--- AVAILABLE DATA ---
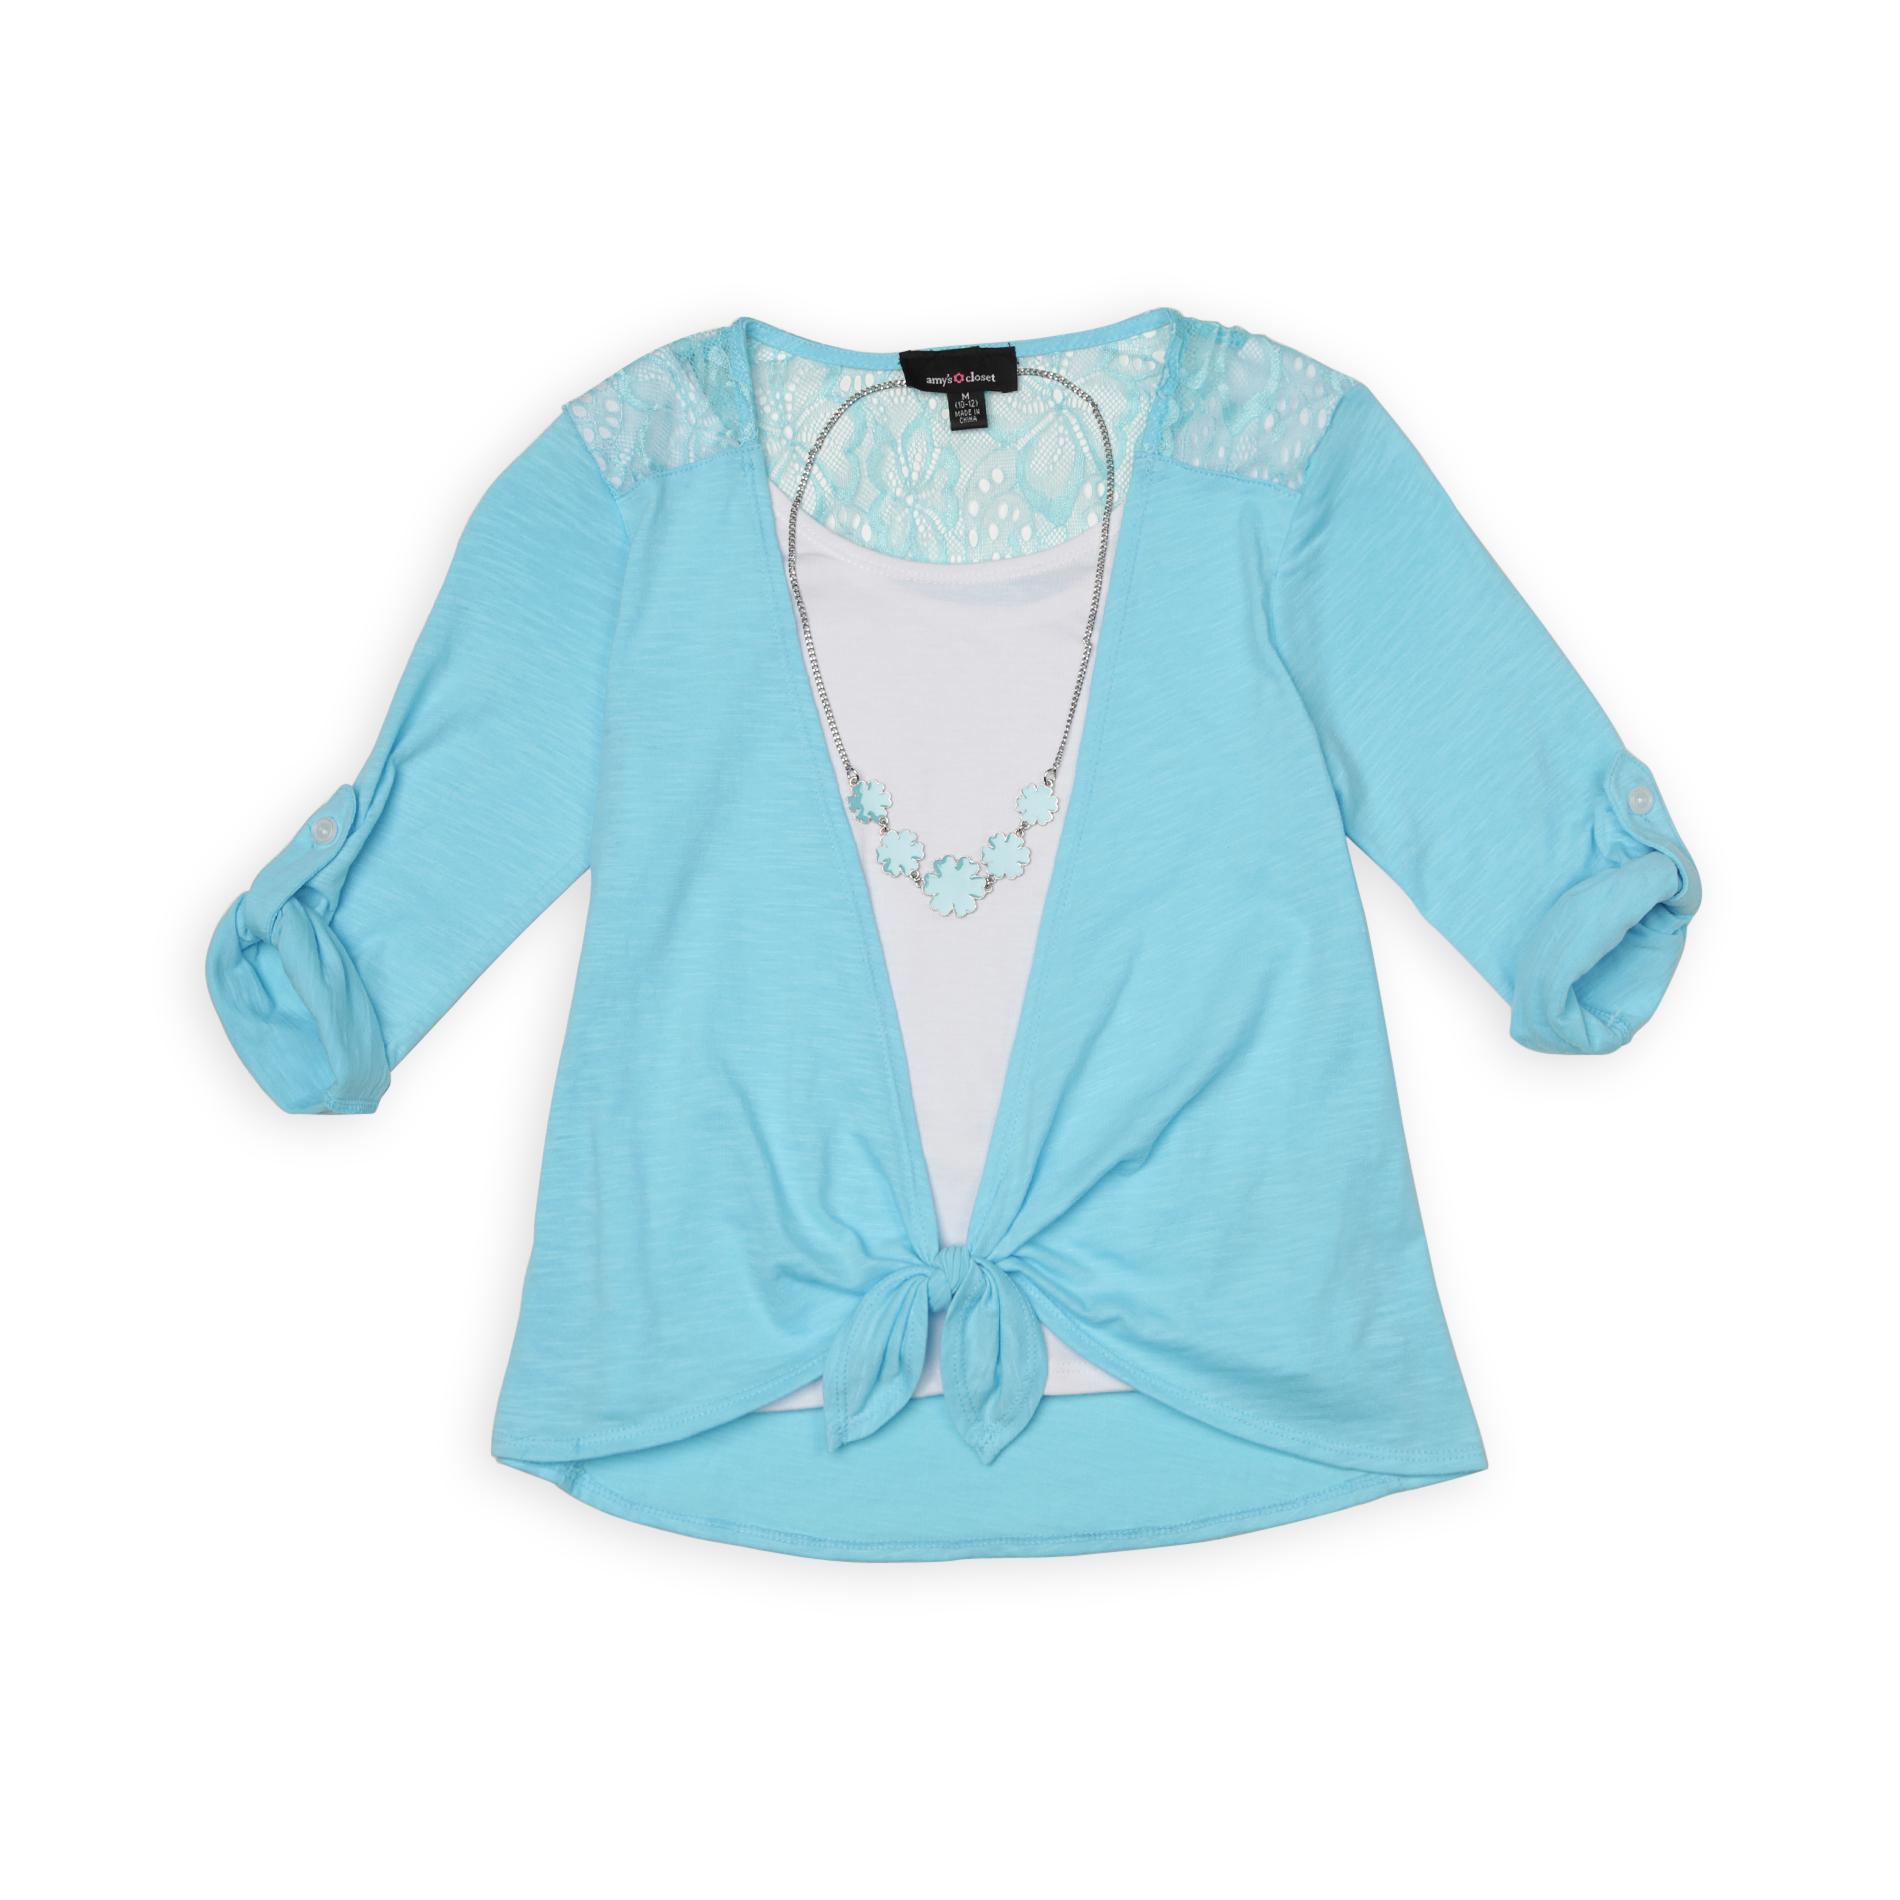 Amy's Closet Girl's Tie-Front Layered Top & Necklace
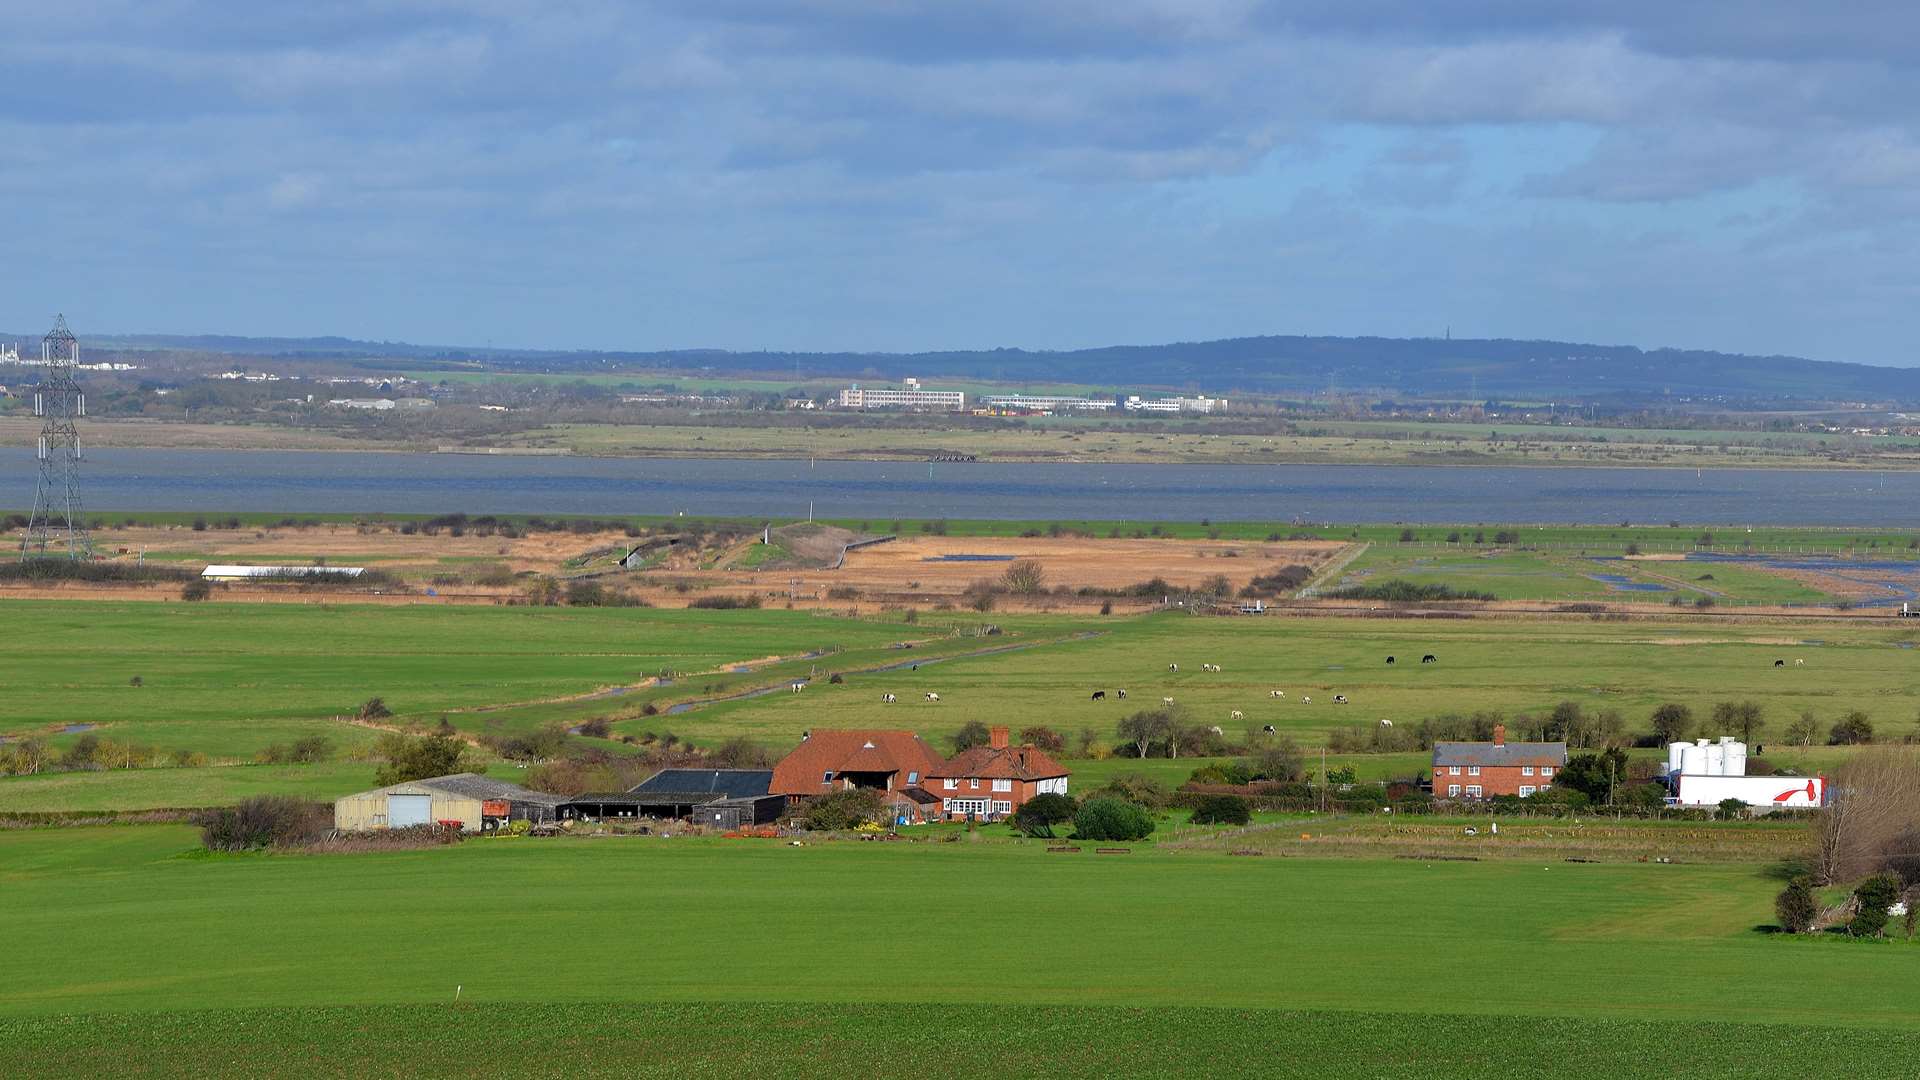 A panoramic view of Shorne, which could have a large dual carriageway through it
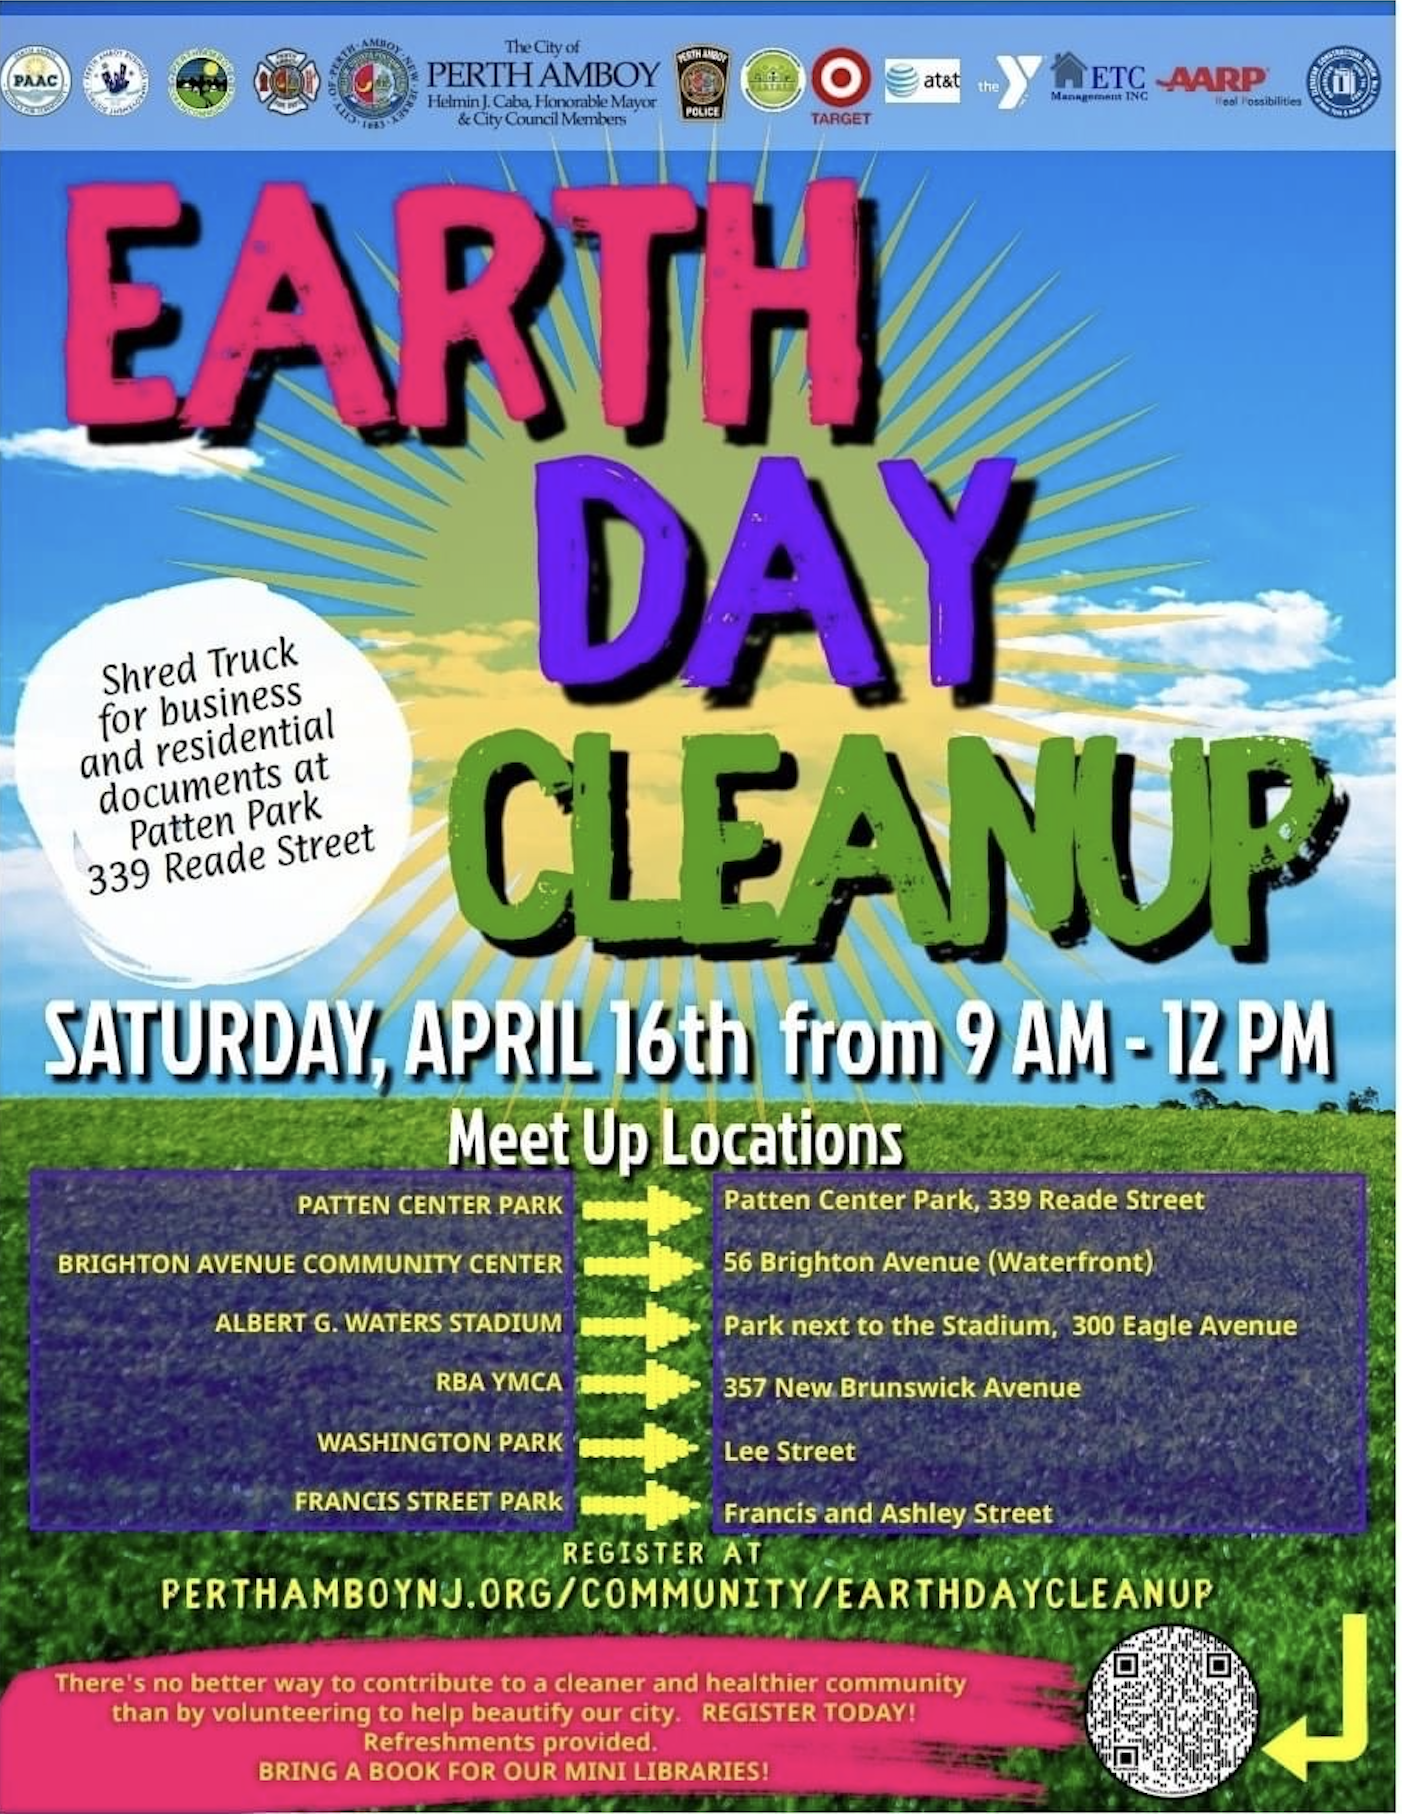 Perth Amboy Earth Day Clean Up

--- WHAT IS BEING ASKED ---
Please reproduce nothing but the lines from the one containing "A panoramic view" through the closing line of the listing, retyped word for word, pictures excluded.

--- SOLUTION FOR THIS TASK ---
 A panoramic view of Shorne, which could have a large dual carriageway through it
 Perth Amboy Earth Day Clean Up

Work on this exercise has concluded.